● **Instructions to follow**
Would you repeat the whole listing exactly, pictures excluded?
[Opening Exercise data section]
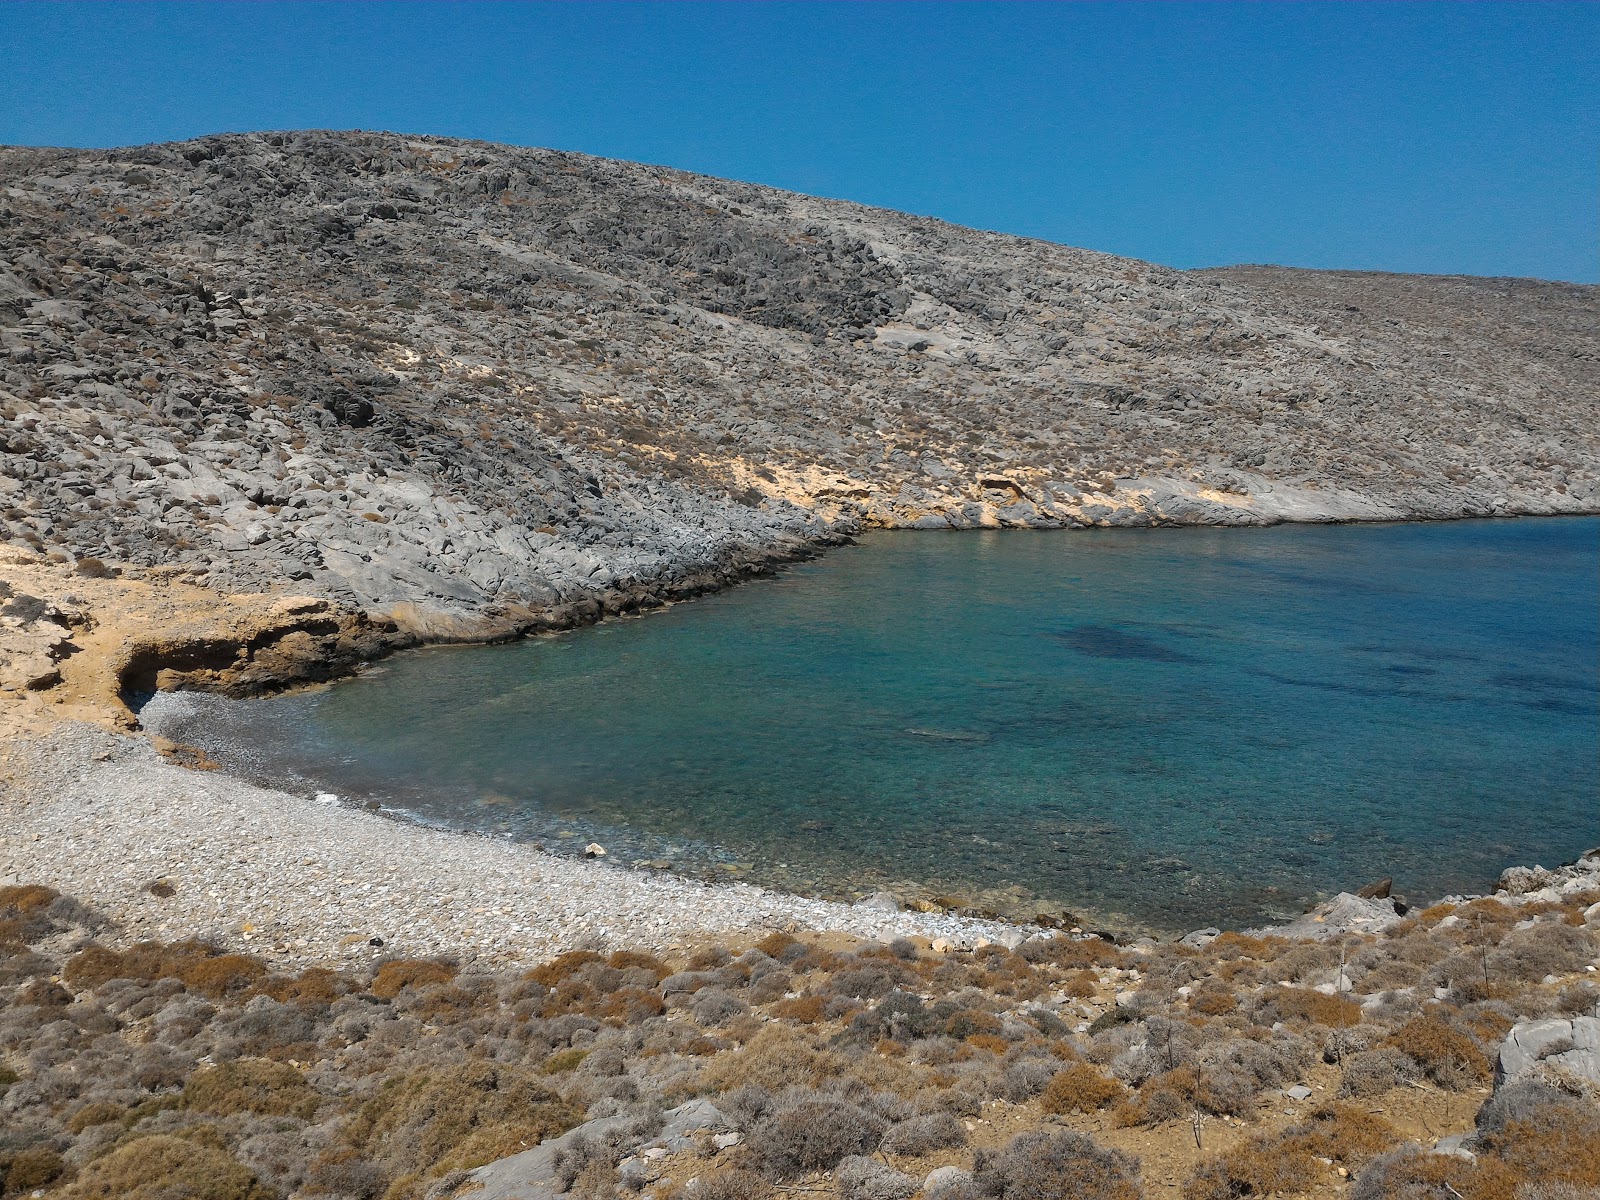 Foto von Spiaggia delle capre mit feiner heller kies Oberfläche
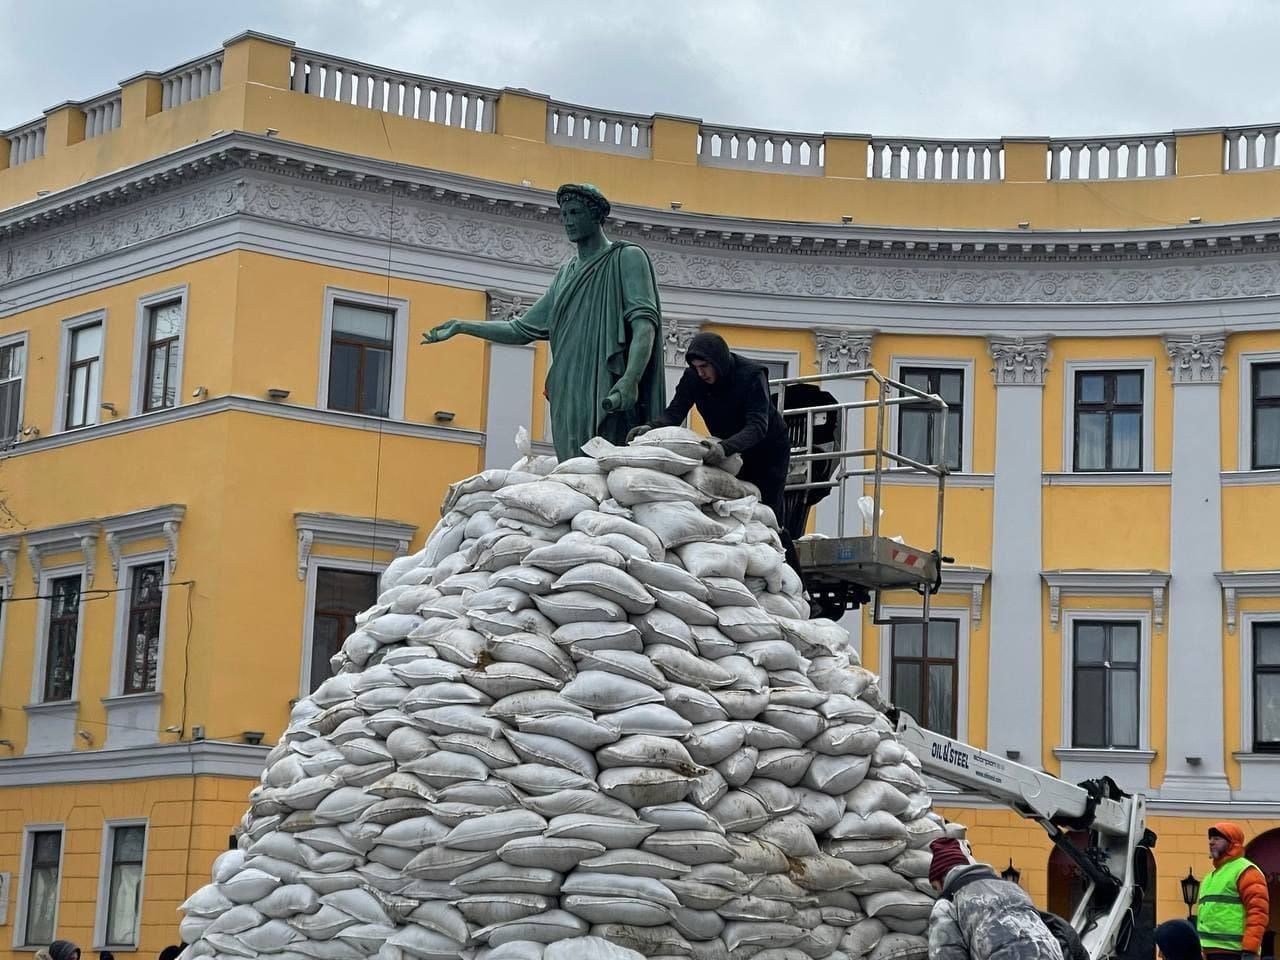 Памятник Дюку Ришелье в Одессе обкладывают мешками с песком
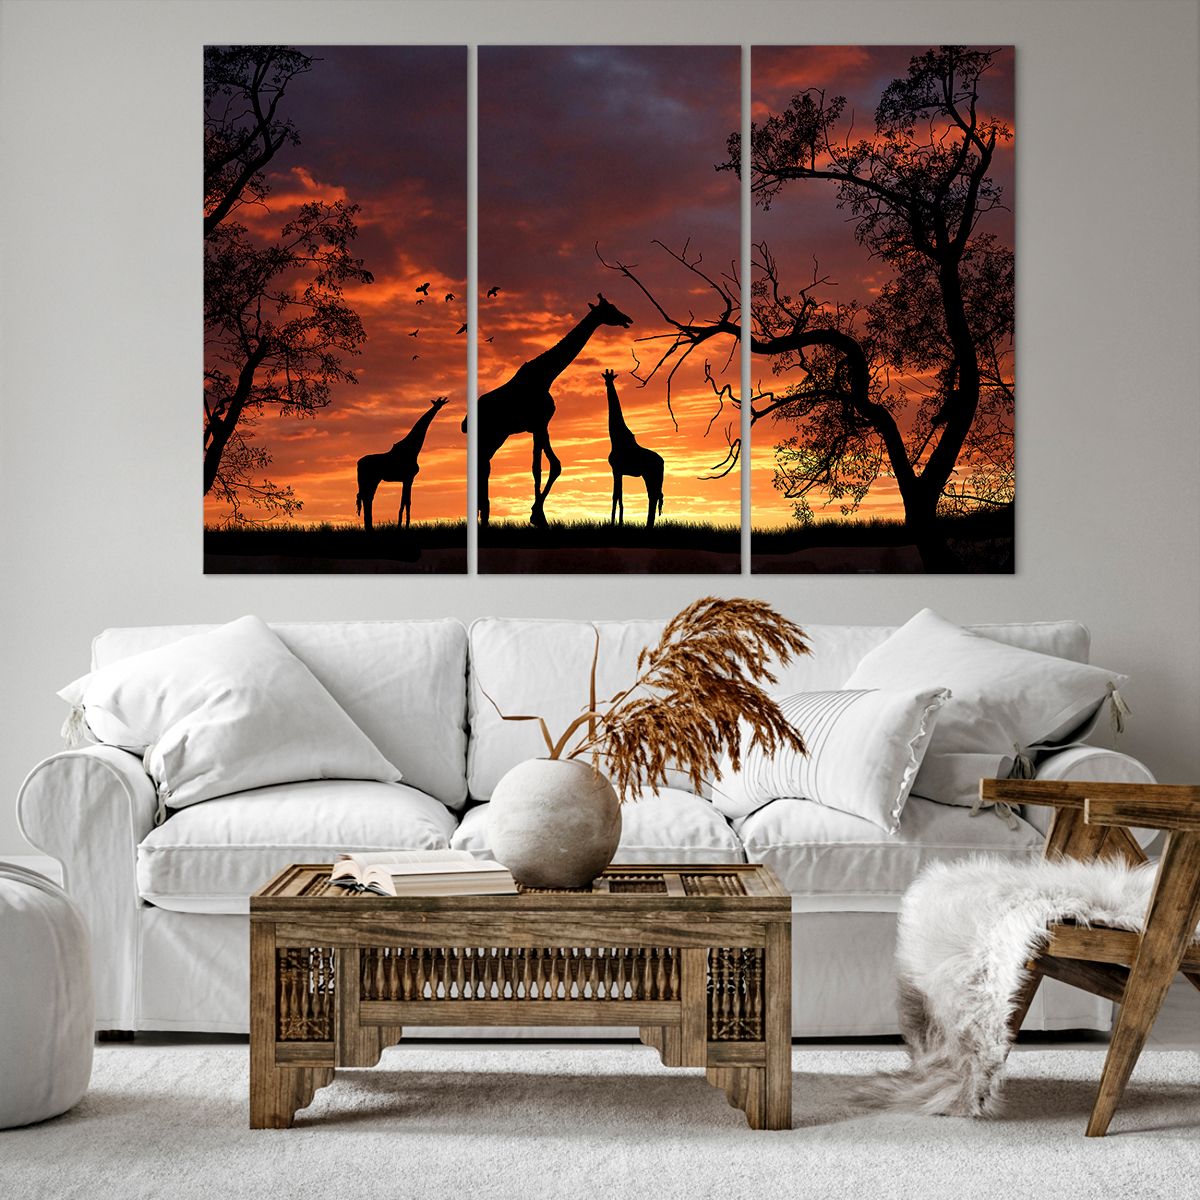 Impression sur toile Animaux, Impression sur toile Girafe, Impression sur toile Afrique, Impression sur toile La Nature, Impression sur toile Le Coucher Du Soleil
[Closing Exercise data section]
● **Reply to the task**
 Foto von Spiaggia delle capre mit feiner heller kies Oberfläche
 Памятник Дюку Ришелье в Одессе обкладывают мешками с песком
 Impression sur toile Animaux, Impression sur toile Girafe, Impression sur toile Afrique, Impression sur toile La Nature, Impression sur toile Le Coucher Du Soleil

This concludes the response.